Another producer offers a full range of digital speech recorders and hybrid products which feature various combinations of speech recorder, stereo MP3 playback, FM tuner, and digital camera in small form factors, powered by two AAA batteries. One such device of dimensions 4.80 x 1.22 x 0.86 inches, weight 2.18 ounces, can capture 36 hours of speech and 1000 640×480 pixel images (faces, business cards, documents…).

There are other devices on the market which also can fit in a pocket, although not quite as comfortably, and feature standard 20 GB or 30 GB notebook hard disk drives with minimal accompanying electronics, enabling high quality stereo recording for many more hours than you might practically need. Some devices in this class are specifically designed to record not only audio but broadcast quality color video.

And then there are PDAs, which are rapidly becoming for many the speech recording and hybrid function device of choice.

In somewhat larger form factors are wearable computers, the likes of those from Xybernaut (http://www.xybernaut.com/), Charmed Technology (http://www.charmed.com/) and others, which feature standard 10-30+ GB notebook hard disk drives, powerful processors, plenty of RAM, standard interfaces such as USB, serial and PCMCIA, sound hardware and run standard operating systems such as Windows and Linux. These systems can be worn on a special belt, in a backpack or strapped in a special harness elsewhere on the body. A high quality headset such as the Plantronics (http://www.plantronics.com/) DSP-500 Headset featuring highly sensitive and noise canceling microphone and stereo headphone speakers, can be used along with specialized recording/dictation software to produce high-quality speech recordings while at a desktop or in the field. There are other, more discrete, earphones and microphones, including some that can record inaudible speech from movement of the facial and head structures.

Due to the adequate power of these systems, computer speech-to-text can also be accomplished in the field. Wearable computers systems distinguish themselves from PDAs, notebooks, tablets, and other systems in that they are worn on the body leaving the user with hands free to accomplish normal everyday tasks, and, with head-mounted displays (HMDs) and other interfaces, the computer is on at all times and in constant communication with the user. HMDs, including some very discrete displays consisting of a square centimeter built into otherwise normal eyeglasses, can be used for SRT status and other communications. Equipped with top-class wireless communications, these systems provide a complete solution for the most advanced SRT users. These systems will continue to become both smaller and more powerful with time making them the systems of preference for the most demanding SRT applications.

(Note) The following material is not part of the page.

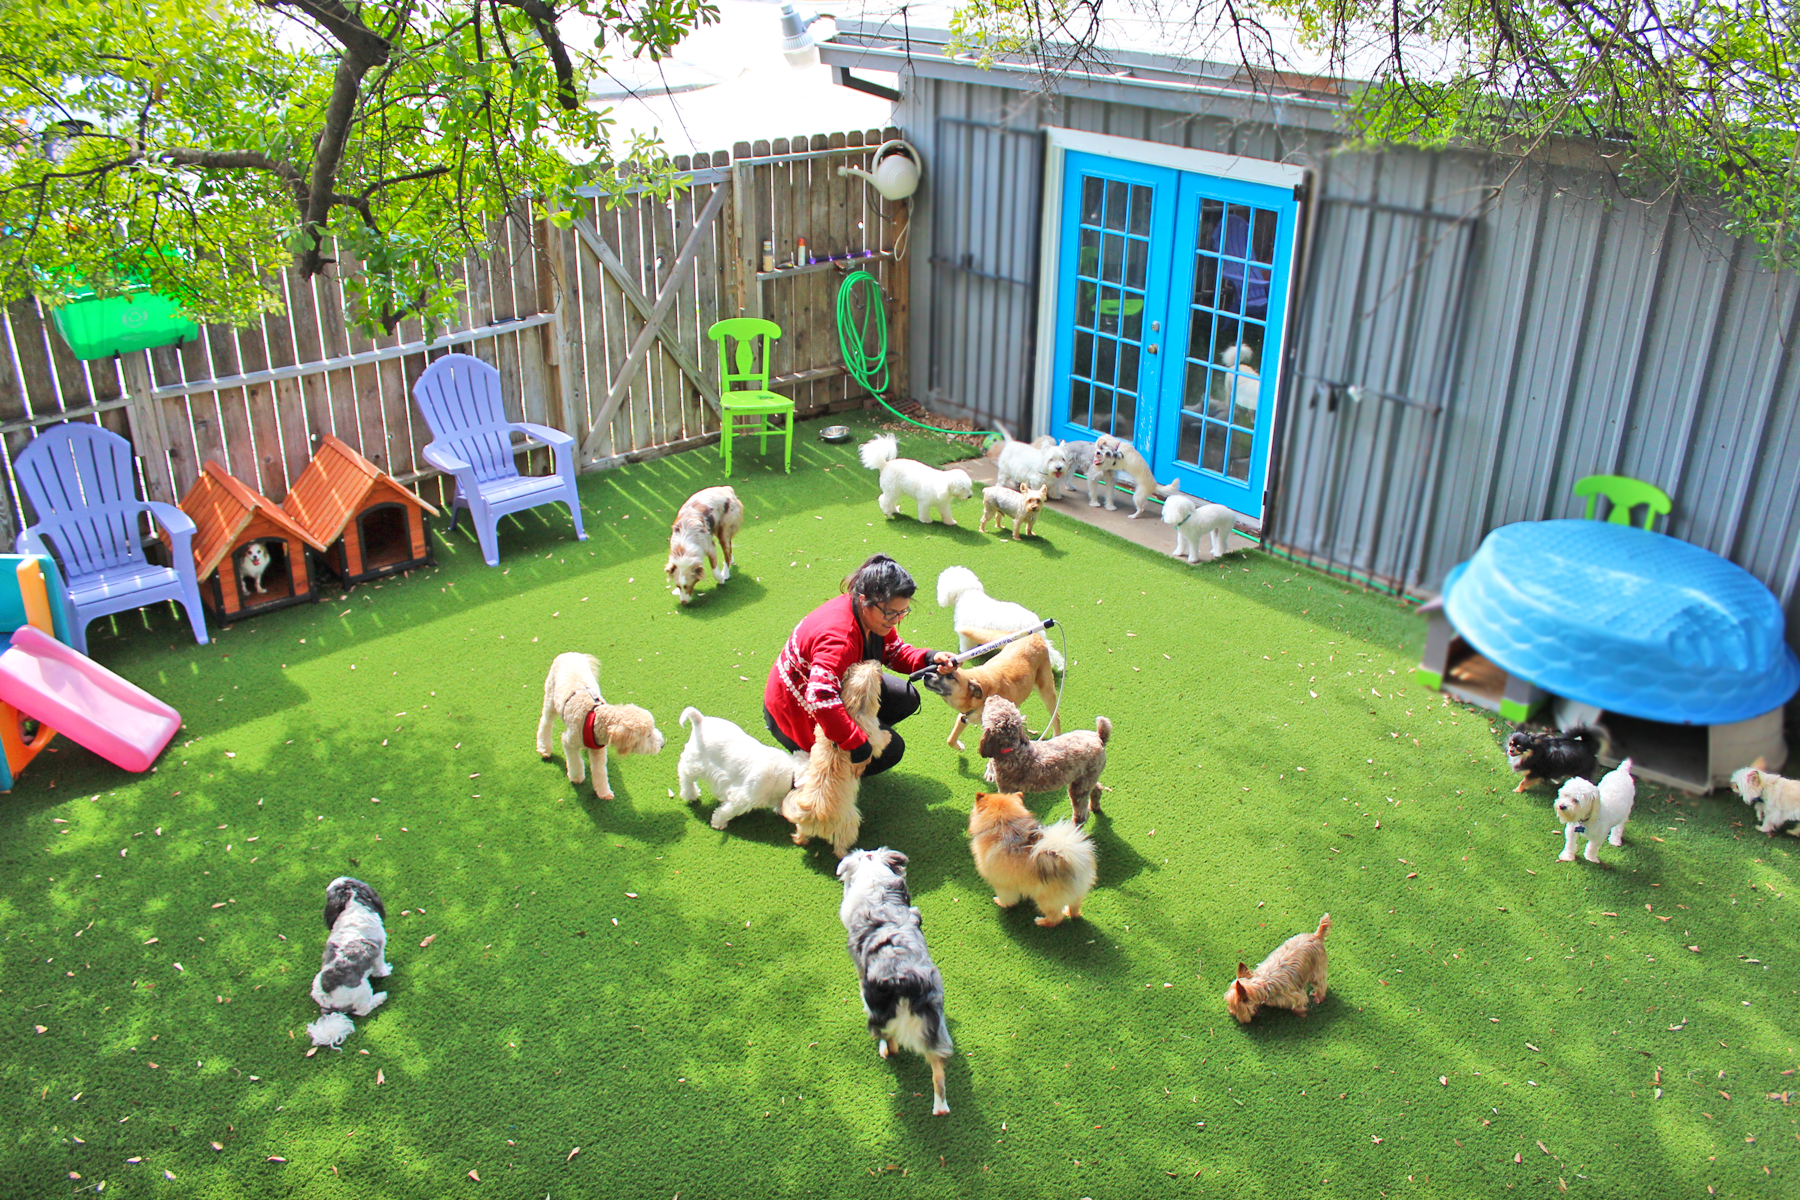 Bldhtx for Best little dog house in texas
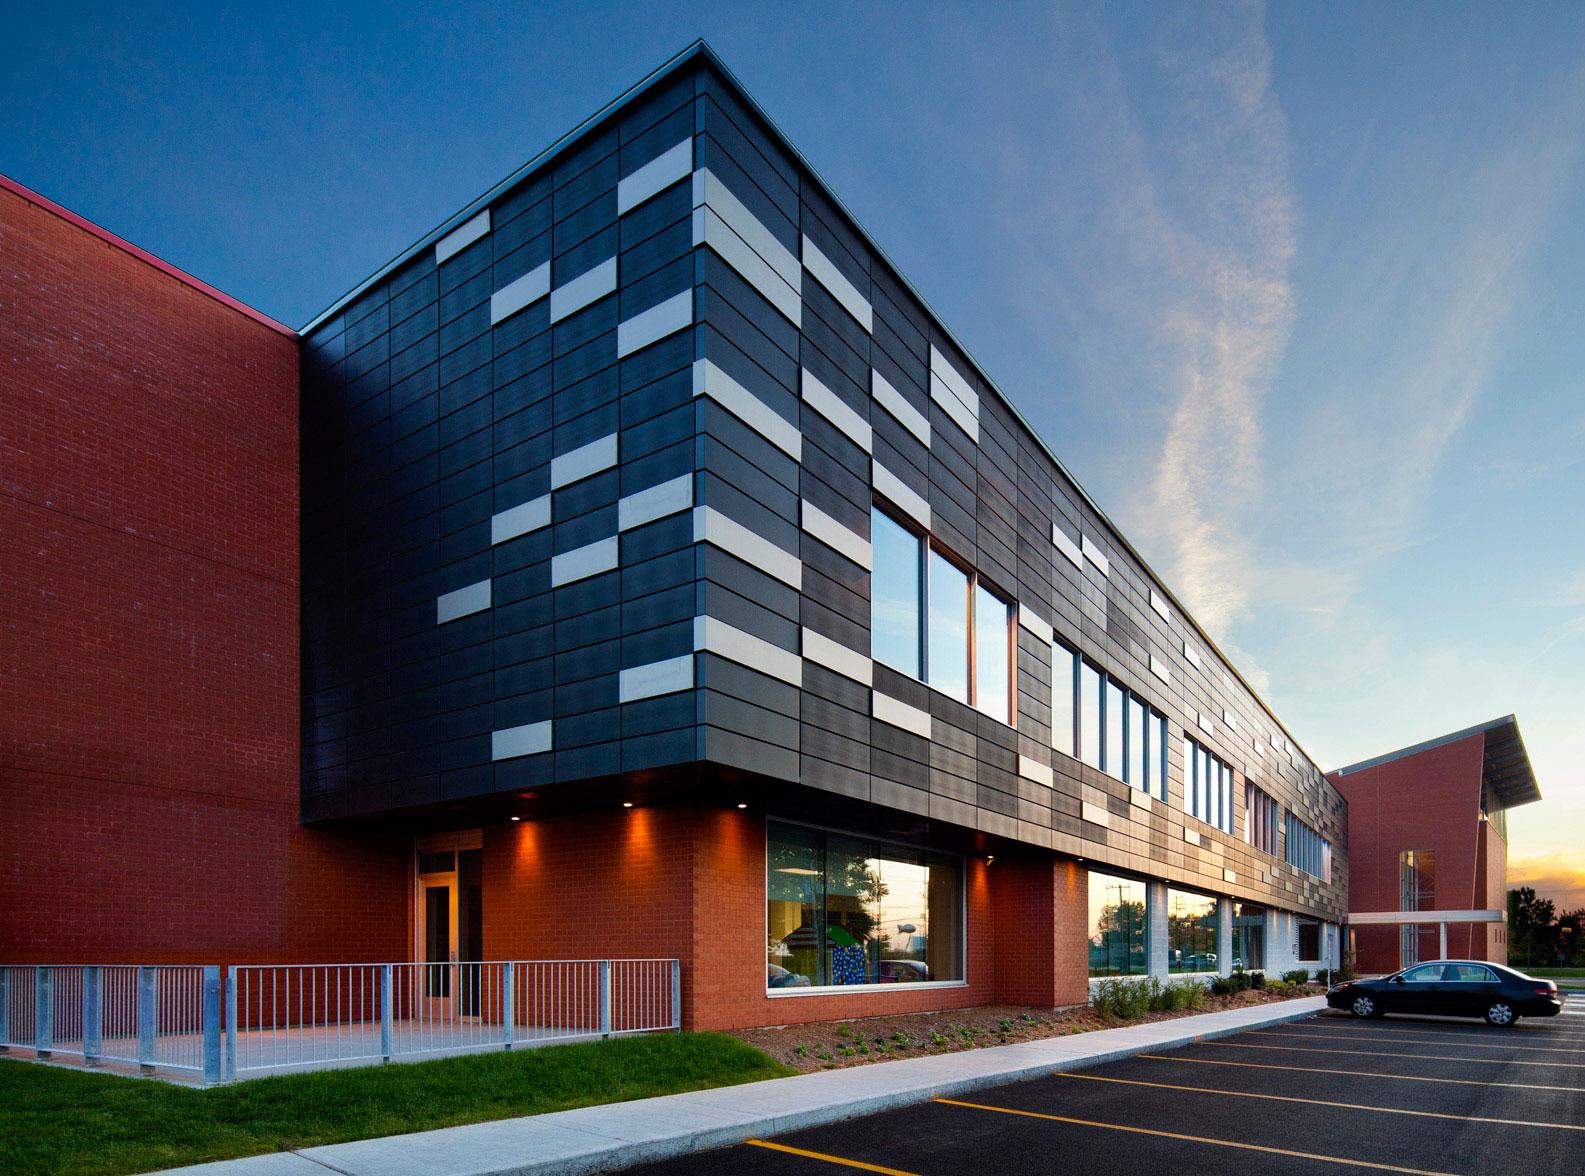 Aquatic and Community Centre

Communications: GSM and CDMA wireless

Using wearable, tablet, or notebook computers equipped with PCMCIA cards such as the Sierra Wireless Aircard, GSM, GPRS, or CDMA 1x versions, one can accomplish transfer speeds today of up to 40 Kbps or 156 Kbps, respectively, over standard mobile wireless networks offered by the likes of (in the US) AT&T Wireless, Cingular, and T-Mobile (GSM), or Verizon and Sprint (CDMA). Some PDAs are also being equipped now with small form factor GPRS modems. Note: General Packet Radio Service (GPRS) is a 2.5G technology offered by Groupe Speciale Mobile (GSM) operators (worldwide) and 1x is a 2.5G technology offered by CDMA operators (largely in the US). The forthcoming 3G technologies WCDMA (Europe and elsewhere) and CDMA-2000 (USA) will provide improvements in transfer speed, ranging from 144 Kbps to 2 Mbps (depending on speed of mobility of user ranging from over 120 km/hour to under 10 km/hour).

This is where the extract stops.